The other huge reason for R adoption is it makes running stat analyses very simple, so for all the people who aren't programmers, and don't wish to be programmers, R is an awesome choice. The ability to, in 3 simple lines of R, load data from a csv, run a glm, and get a sophisticated report on the model is awesome.

collyw · on Dec 15, 2014

Excel is awesome in a similar way, no?

IndianAstronaut · on Dec 15, 2014

Hadley Wikham's work has made the R environment much more tolerable and interesting. Because of it, R can be a pleasure to work with.

weissguy · on Dec 15, 2014

The battle between R and NumPy reminds me of the competition between American and Japanese auto manufacturers. Did American car companies successfully play QA catchup in the past 10 years? Probably, and God knows they needed to. Meanwhile, Japanese car manufacturers were building on 35 years of QA excellence the whole time.

I would be far more excited about the possibilities created by a cornucopia of new stats/dataviz functionality built into Python than I would be about some packages that make R a bit less terrible to write.

hadley · on Dec 15, 2014

The whole R sucks as a language thing is getting pretty old. There is some things that R is really good at, there are some things that Python is really good at. Just because R comes from a somewhat unusual ancestry (firmly rooted in functional programming with immutable data structures and generic function style OO) doesn't make it bad.

jzwinck · on Dec 15, 2014

As recently as a few months ago, R used a form of "reference counting" which only allowed three values in the counter: 0, 1, and 2 [1]. This might be caused by unusual ancestry or it might not, but it's hard to stop saying R sucks when it does that in 2014.

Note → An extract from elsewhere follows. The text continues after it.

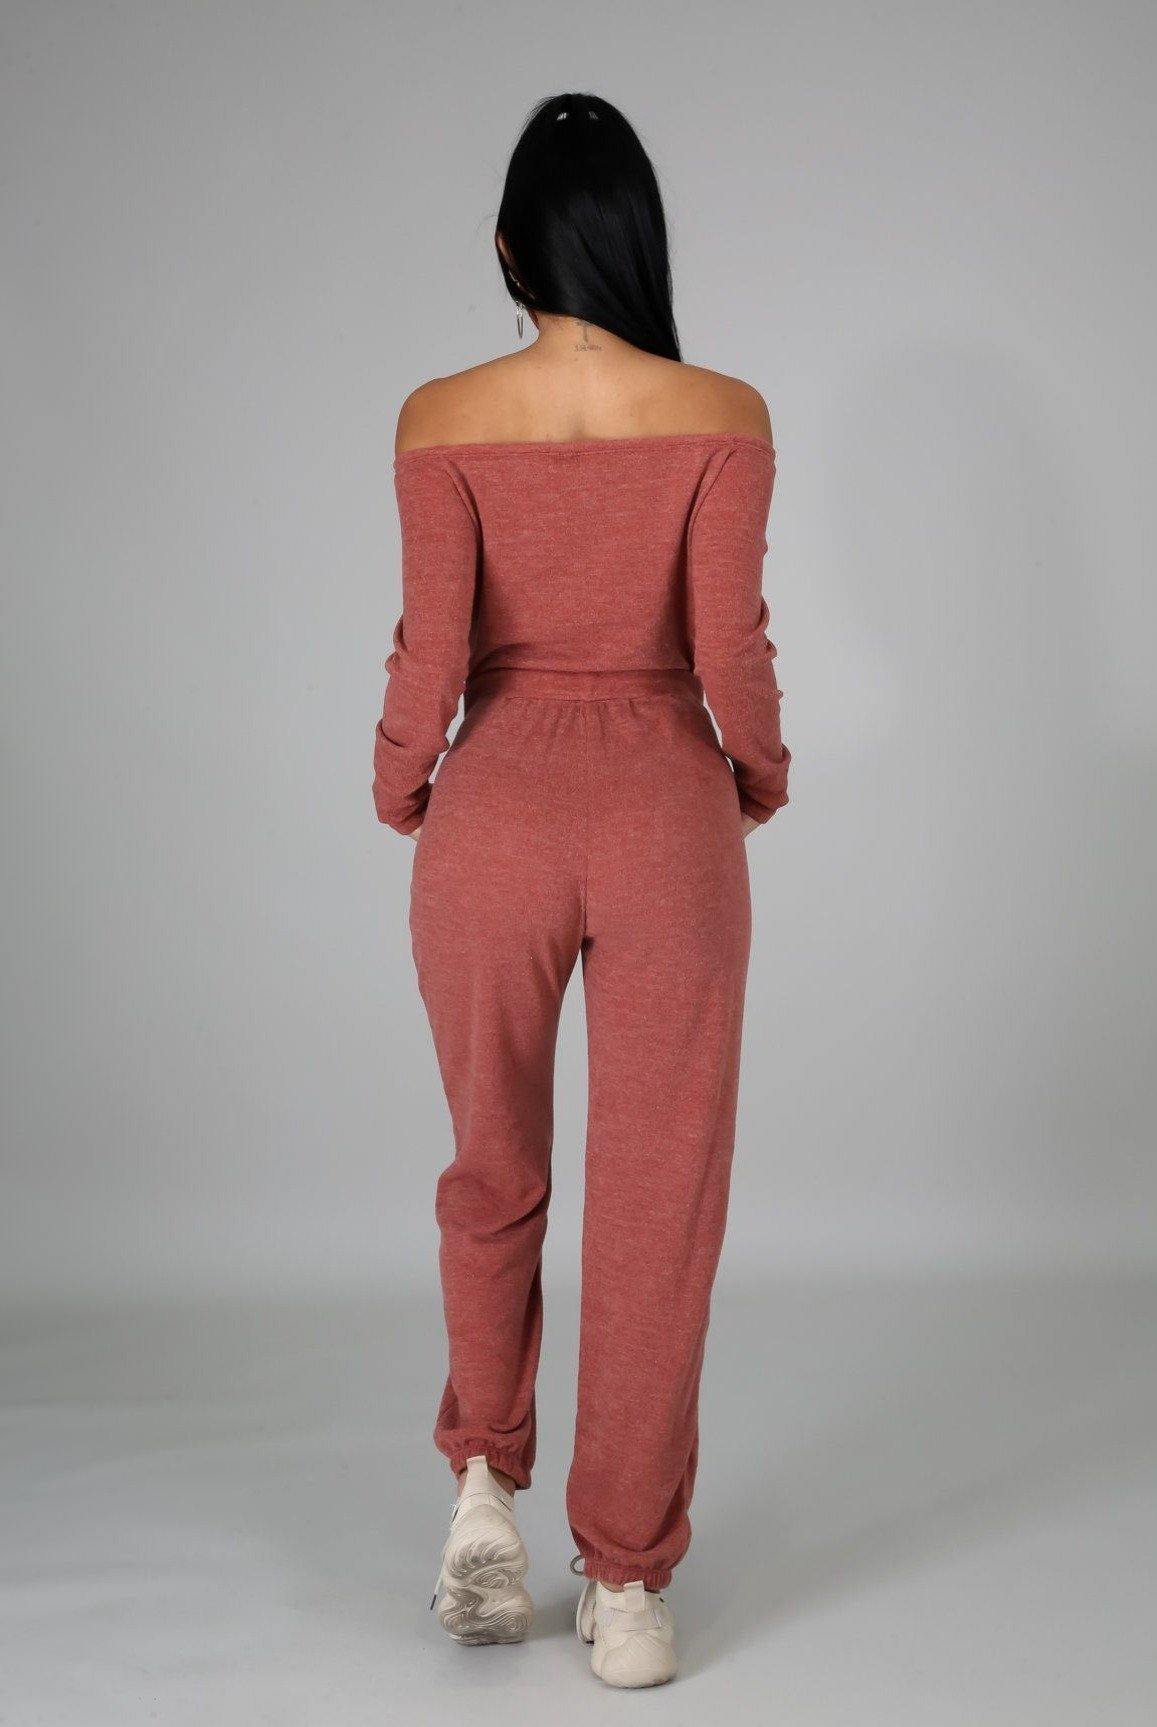 I Got Options....Off Shoulder knit Jumpsuit | Swagg Boutique LLC.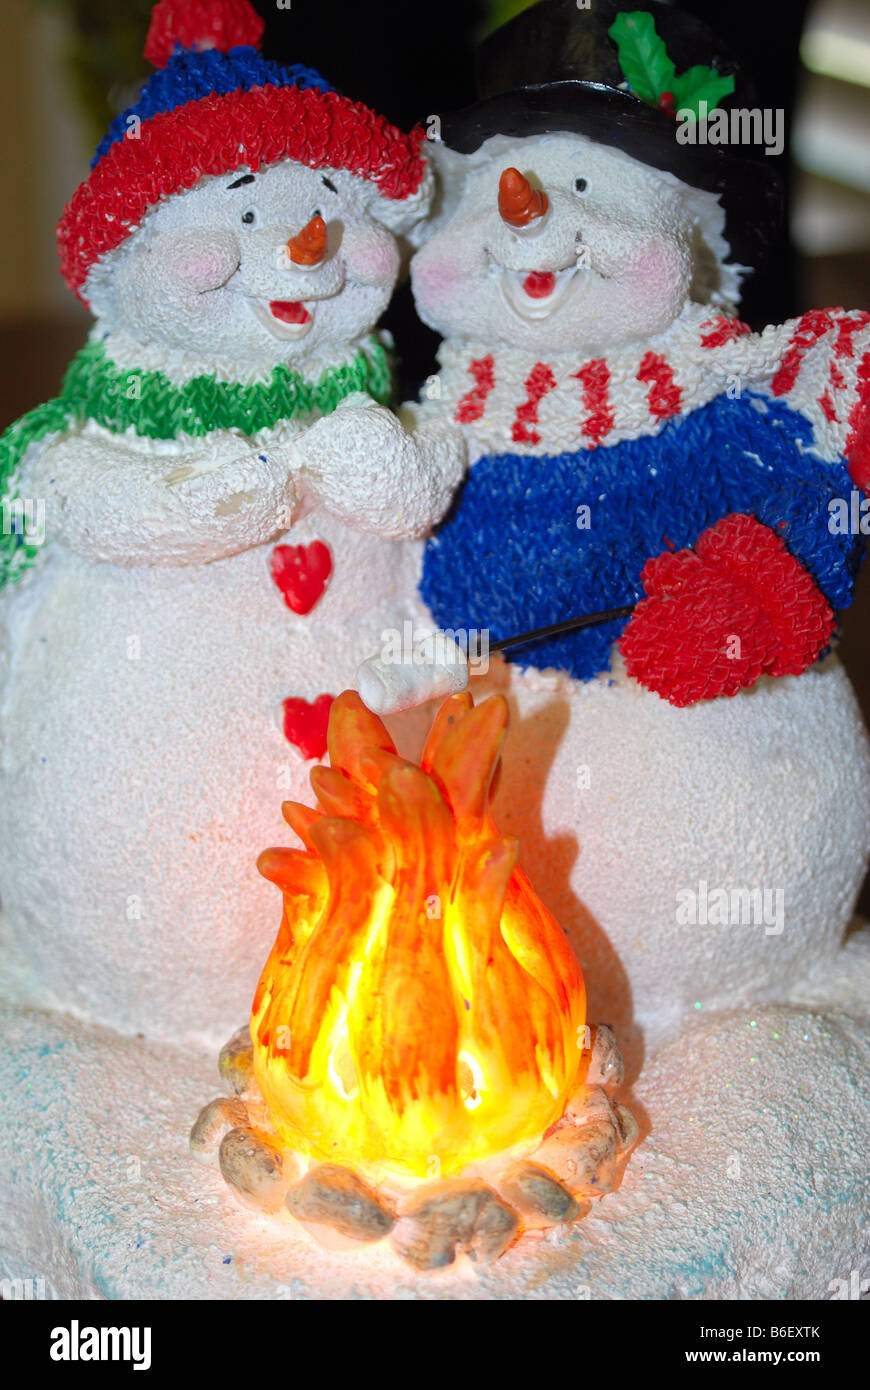 Gros plan d'une décoration de Noël de deux snowpeople, un bonhomme de neige et un snowwoman Banque D'Images

[1] http://stackoverflow.com/a/25384396/4323

hadley · on Dec 15, 2014

It still does that. But it's an optimization for editing in place, not related to gc

joyofdata · on Dec 15, 2014

Actually having lots of people complain about a programming language is a good indicator for that language doing well:

- JavaScript

- PHP

- C++

- ...

On that note, Hadley, R IS awesome and a large reason for that is your contribution to it! Thanks and keep up the good work!

hadley · on Dec 15, 2014

Thanks!

alilja · on Dec 15, 2014

The worst part of R is that array indices begin at 1, and trying to get an array at 0 will fail silently by returning 0. I've spent many a night trying to figure out why all my data is wrong because my_array[0] * frame$column is returning the wrong numbers.

princeb · on Dec 15, 2014

this gets brought up again and again with no agreement and the only advice I know how to give you is that when working in any language that has mathematics as its primary focus (mathematica, matlab, Julia, R), you use 1-index, and other languages you use 0-index.

redacted · on Dec 15, 2014

alilja's issue isn't 1-indexing, it's R's completely insane decision to return usable numerical values for an array access error. In Mathematica or Matlab accidentally using 0-indexing would lead to obvious errors, while in R it often doesn't - especially if you have sparse/many zero data already

hadley · on Dec 16, 2014

That's not true. If you index with 0 you get a zero length vector back

kephra · on Dec 15, 2014

The worst point of R is debugging. R scripts often fail without telling any line number, even if script starts with an "options(error=traceback)". And I never seen line numbers of warnings.

So you get errors, crashes and warning, and the only way to debug R, is to inject message() statements all over the code.

hadley · on Dec 16, 2014

You probably want options(error = recover). If you're not getting line numbers you need to upgrade R. You might find http://adv-r.had.co.nz/Exceptions-Debugging.html helpful.

joyofdata · on Dec 15, 2014

> The more you learn about the R language, the worse it will feel.

The opposite is true in my experience.

> R makes me want to kick things almost every time I use it.

Maybe R is not your biggest problem.

> The documentation is inanely bad. I can't explain it.

Good point!